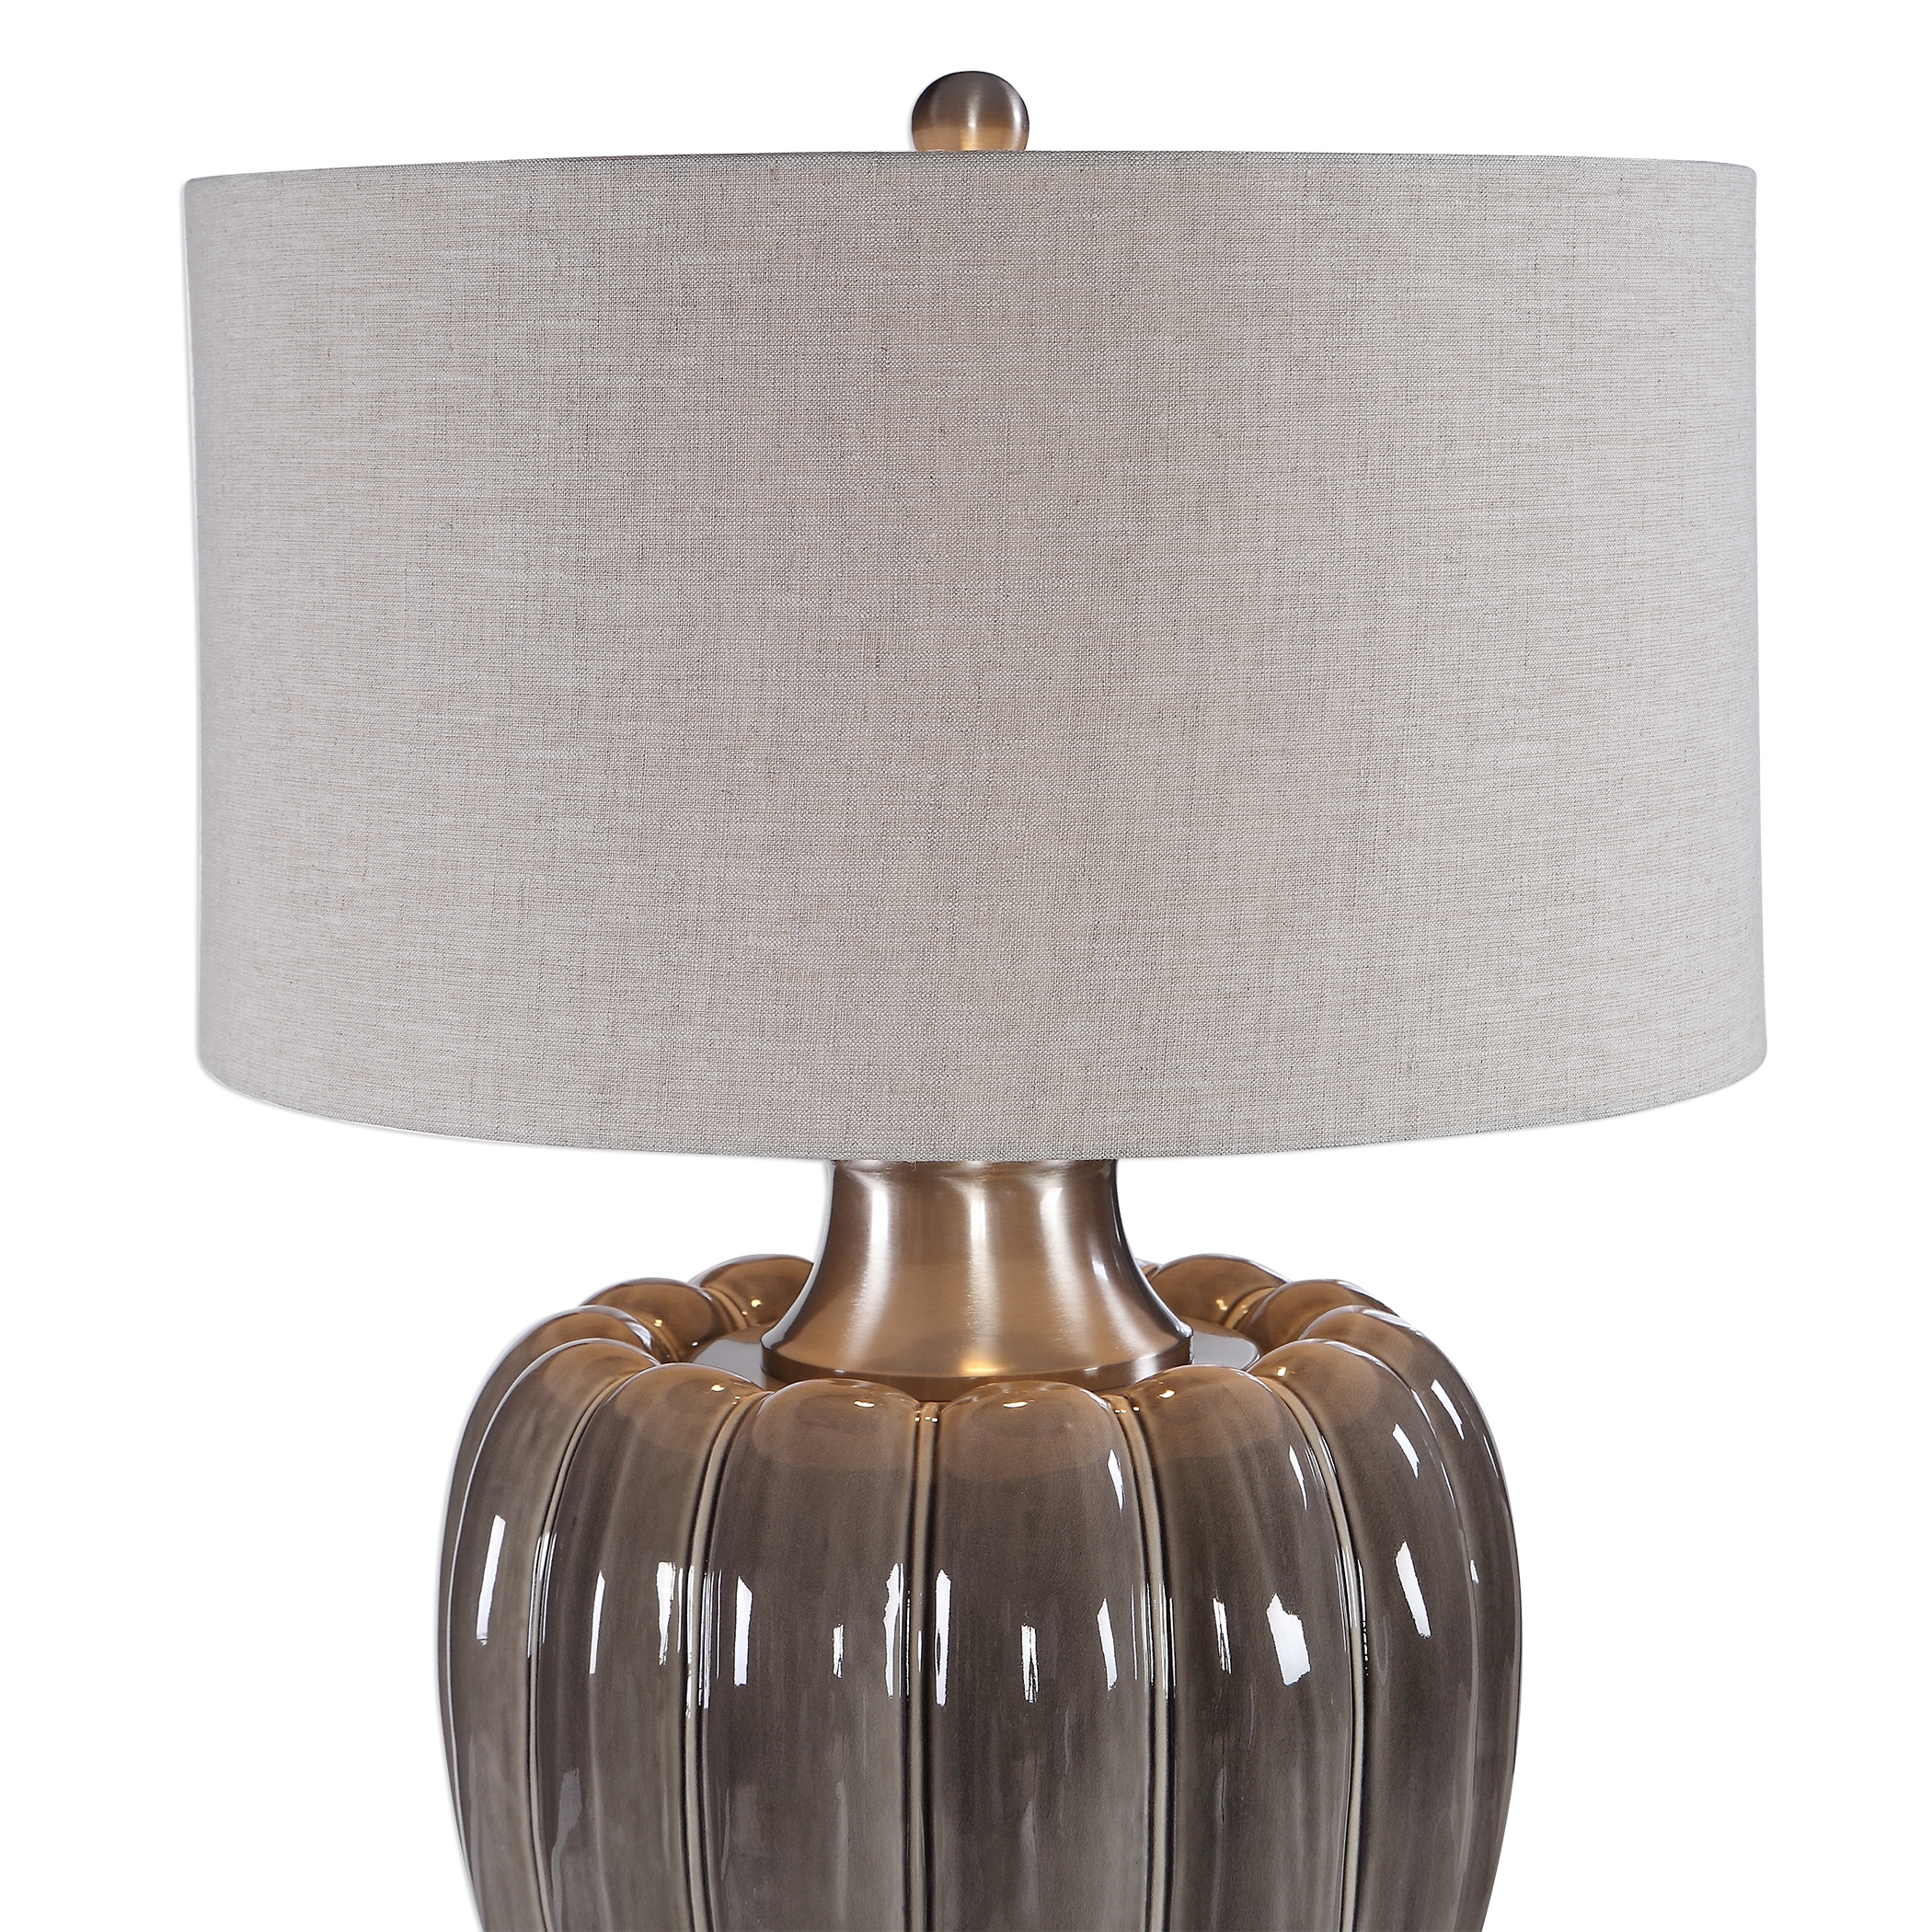 Adler Smoky Gray Table Lamp - Image 2
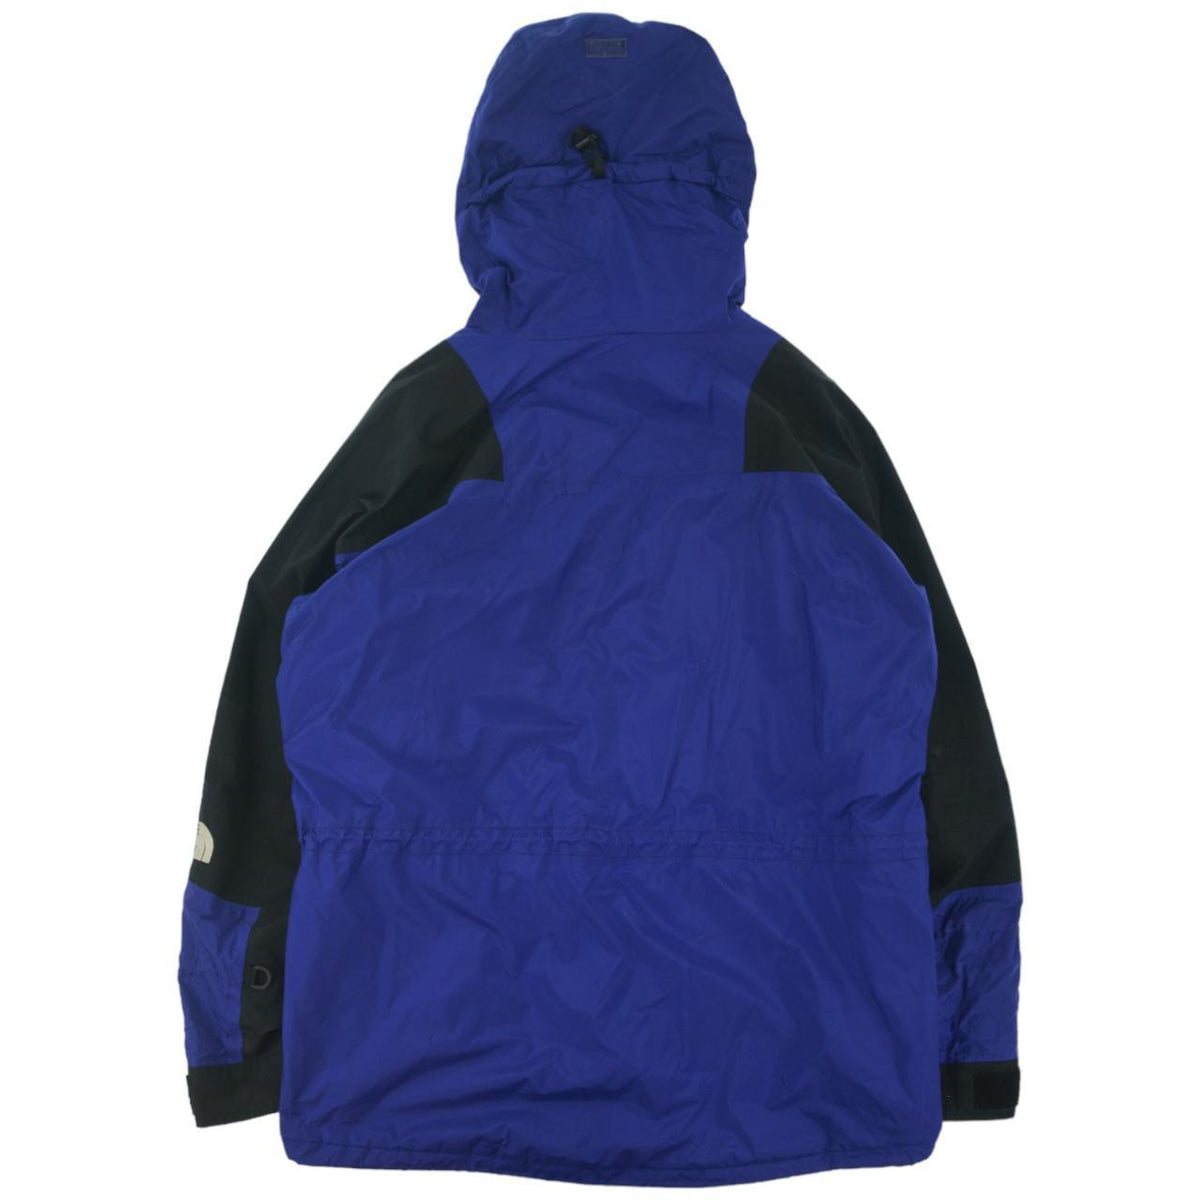 Vintage The North Face Goretex Jacket Size XL
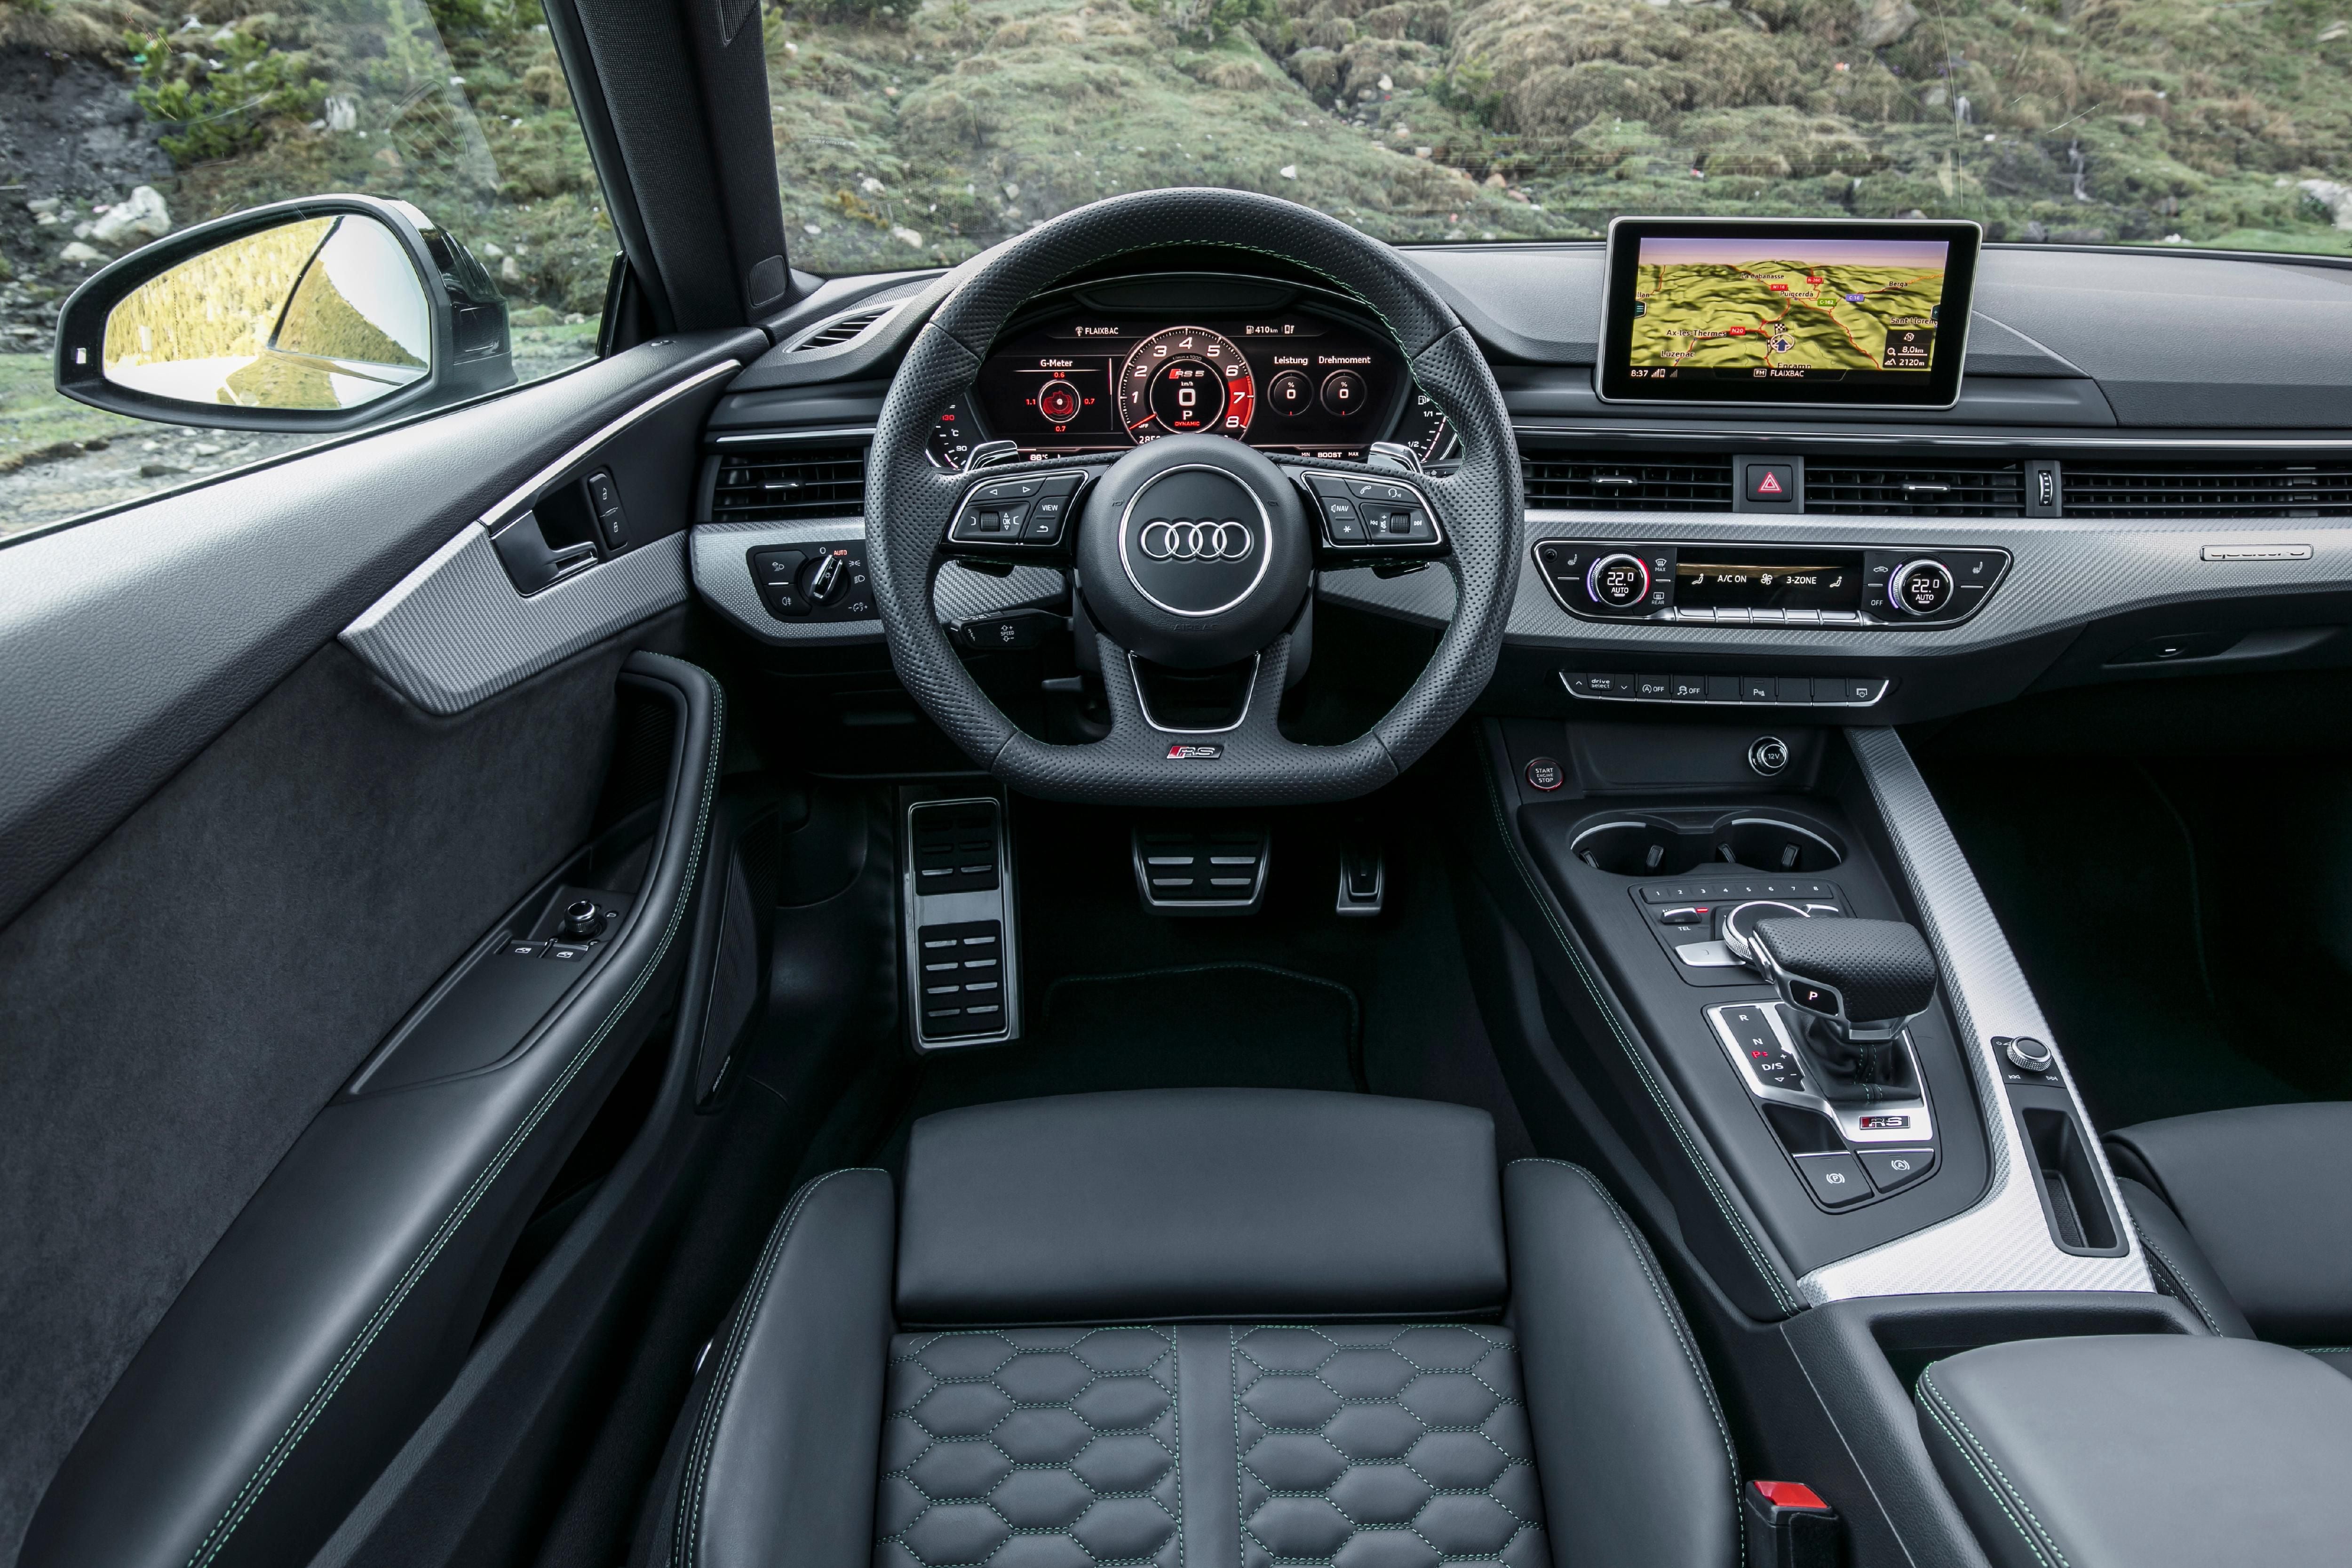 Next Audi A5 Sportback Caught Testing on the Road - Audi Club North America

++++++++++

> **AIM OF THE TASK**
Everything in the data above, apart from the pictures, should be retyped exactly.

> **ANSWER TO THIS PROBLEM**
 Adler Smoky Gray Table Lamp - Image 2
 Vintage The North Face Goretex Jacket Size XL
 Next Audi A5 Sportback Caught Testing on the Road - Audi Club North America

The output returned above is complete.